In this particular case, it’s easy to make the corrections because the spacetime is static; I won’t go into detail about this, but the upshot is that we just need to include two extra correction factors in the integral, like so:

$$M = \int \sqrt{\tilde{V}} dV \sqrt{\xi^a \xi_a} \left( 2 T_{ab} – g_{ab} T \right) u^a u^b$$

where $\tilde{V}$ is a “volume correction factor” (in Schwarzschild coordinates in a spherically symmetric spacetime, it will just be $\sqrt{g_{rr}}$) and $\xi^a$ is the timelike Killing vector field of the spacetime (which must exist because the spacetime is static; in Schwarzschild coordinates the factor $\sqrt{\xi^a \xi_a}$ will just be $\sqrt{g_{tt}}$).

If we compute *this* integral for an object like the Earth, we get the correct answer: the $M$ yielded by the integral is the same $M$ that appears in the line element. In fact, what we’ve just done is to compute what’s called the Komar mass of the system. (This mass is defined for a somewhat different class of spacetimes than the ADM mass; where the latter required the spacetime to be asymptotically flat, the Komar mass requires the spacetime to be stationary. This is an important point, but I’ll save further discussion of why it’s important until later on.)
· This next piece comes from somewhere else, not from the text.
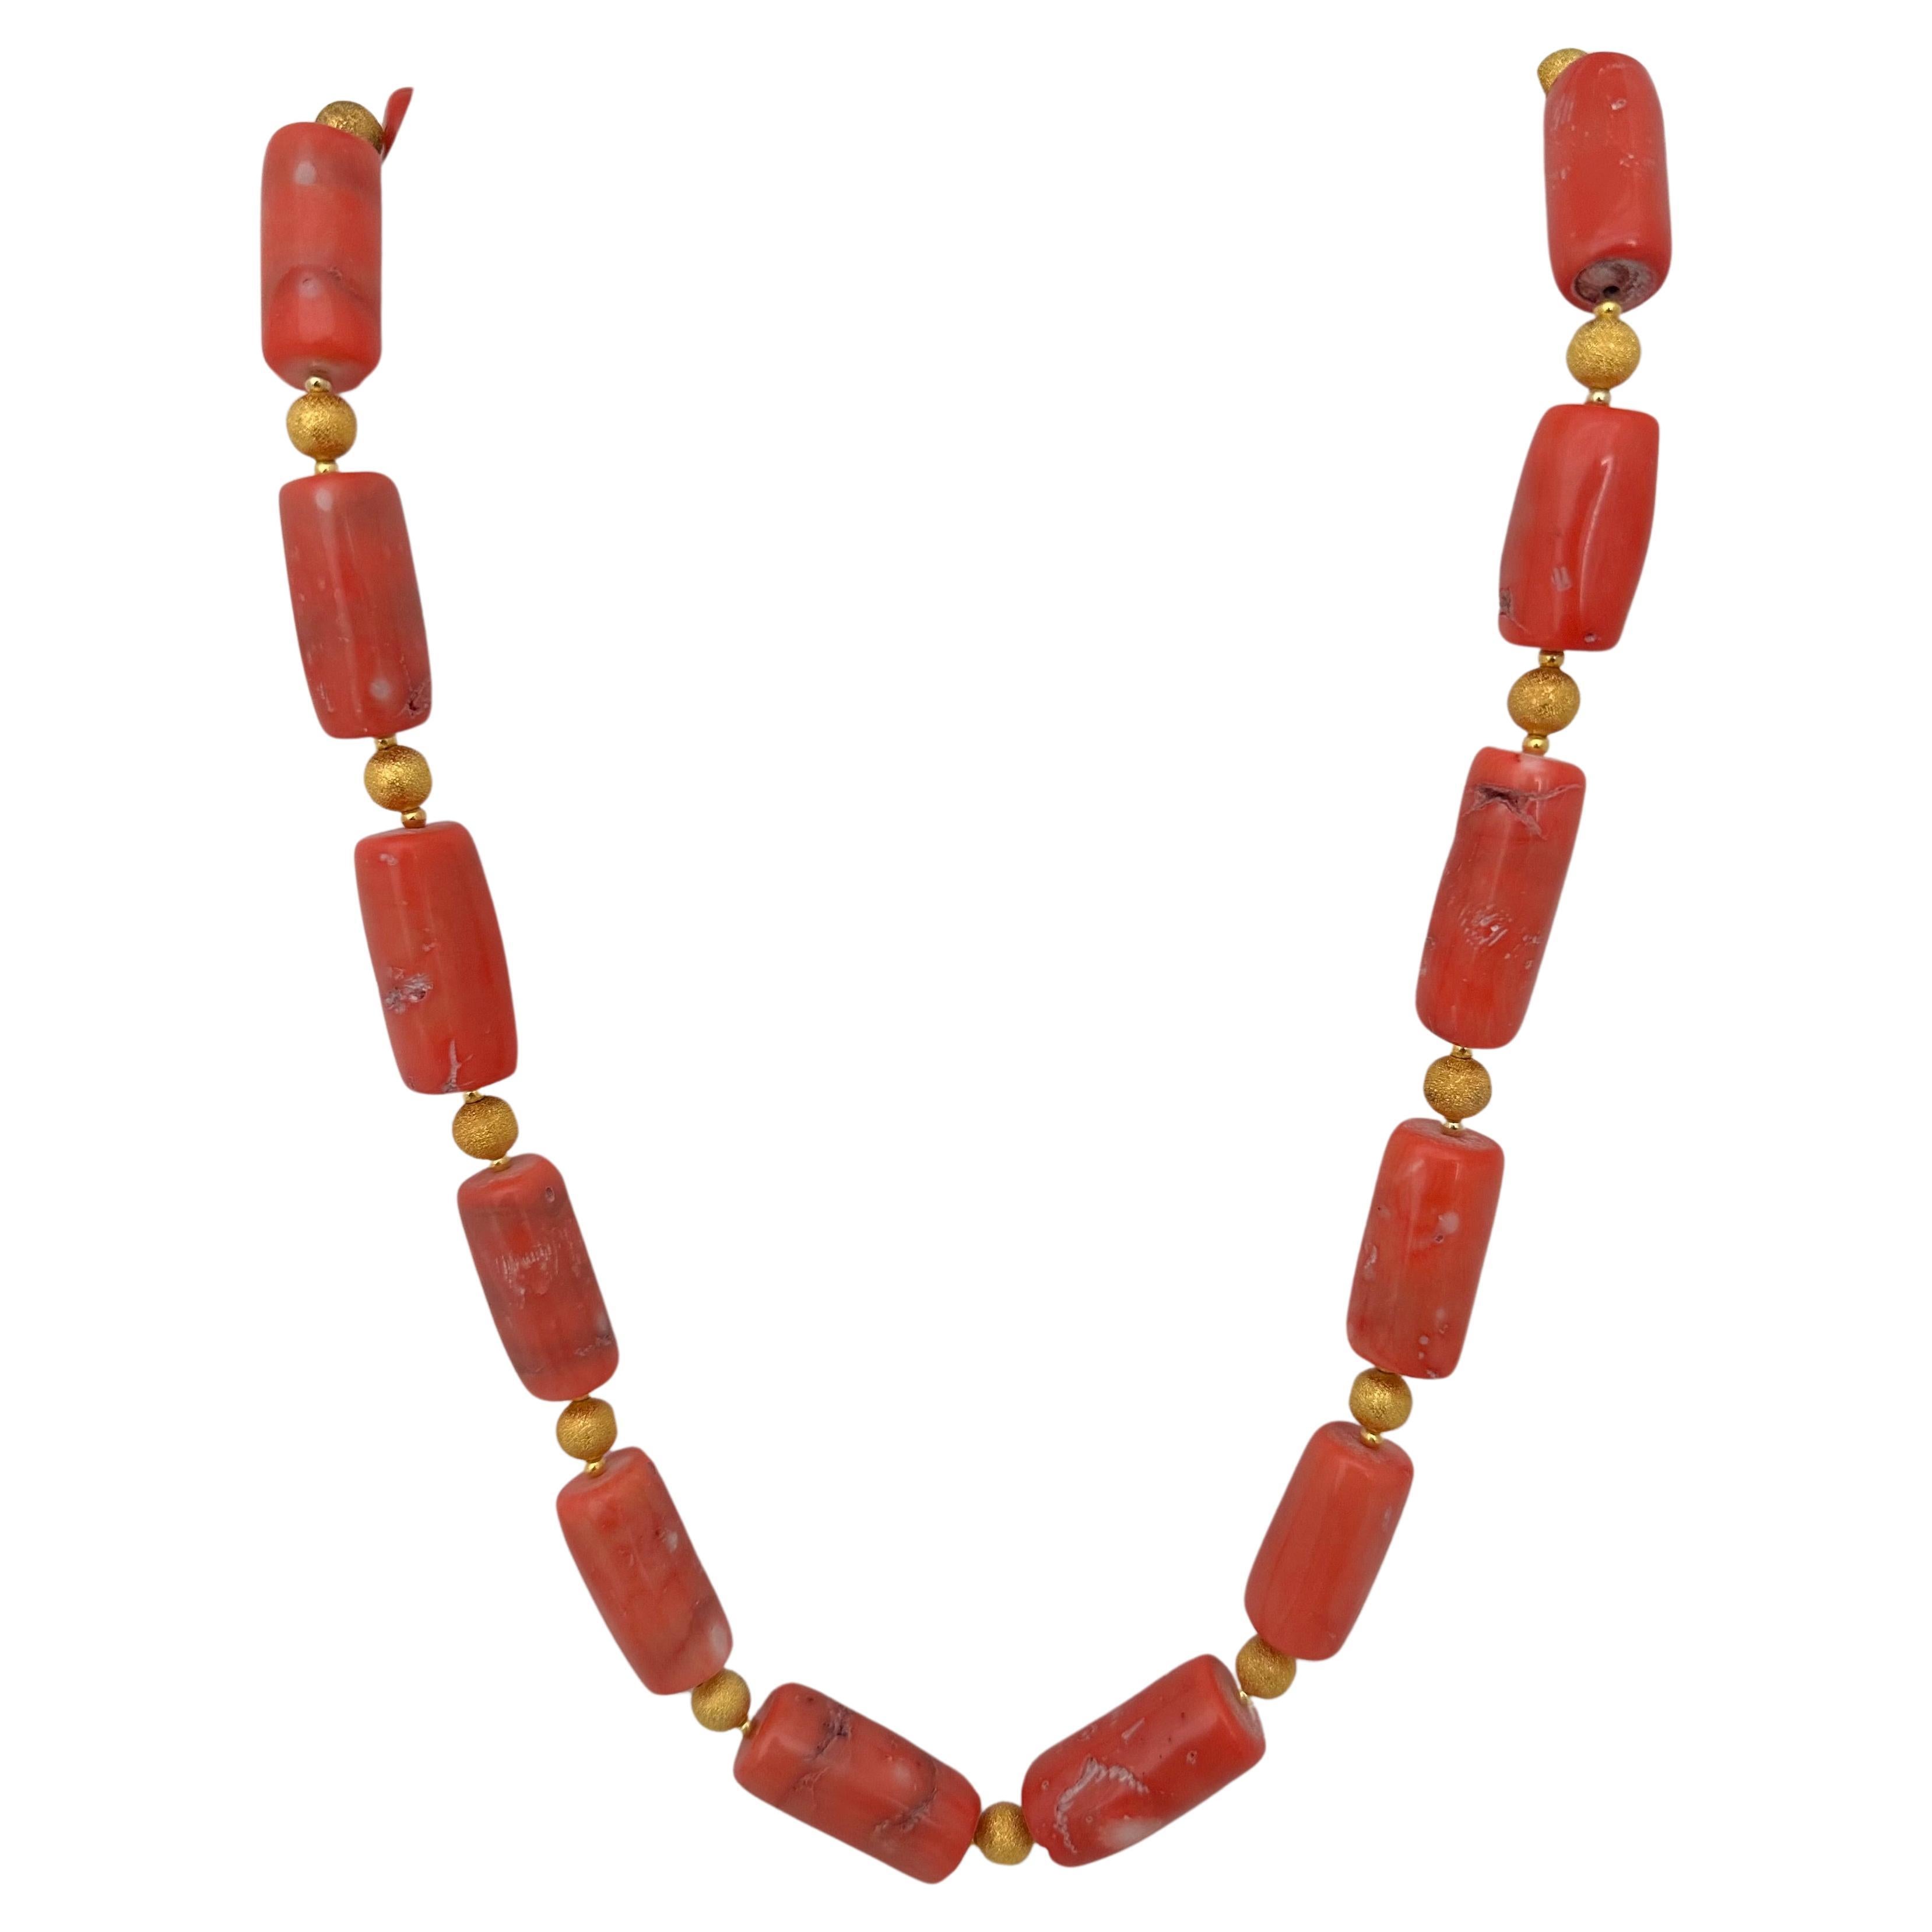 Handmade Gold Plated Beads & Salmon Barrel Shape Coral Beaded 27" Necklace #C35 For Sale

The difference between $M_0$ and $M$ is sometimes referred to as “gravitational binding energy”, and the fact that it is there–that $M_0 – M$ is not zero–is one thing that often prompts people to assert that “gravity gravitates”: that gravity “contributes” to the externally observed mass $M$ of a system. (Personally, I confess that I find this interpretation a bit strange: $M$ is *less* than $M_0$, so the “contribution of gravity” is *negative*. But it’s a common interpretation.) There are a number of caveats to interpreting $M_0 – M$ this way (some of which I intend to discuss in a follow-up post in this series), but as long as the system is not changing with time, it doesn’t really cause any problems. However, when we try to extend this interpretation to systems that *are* changing with time, we run into complications.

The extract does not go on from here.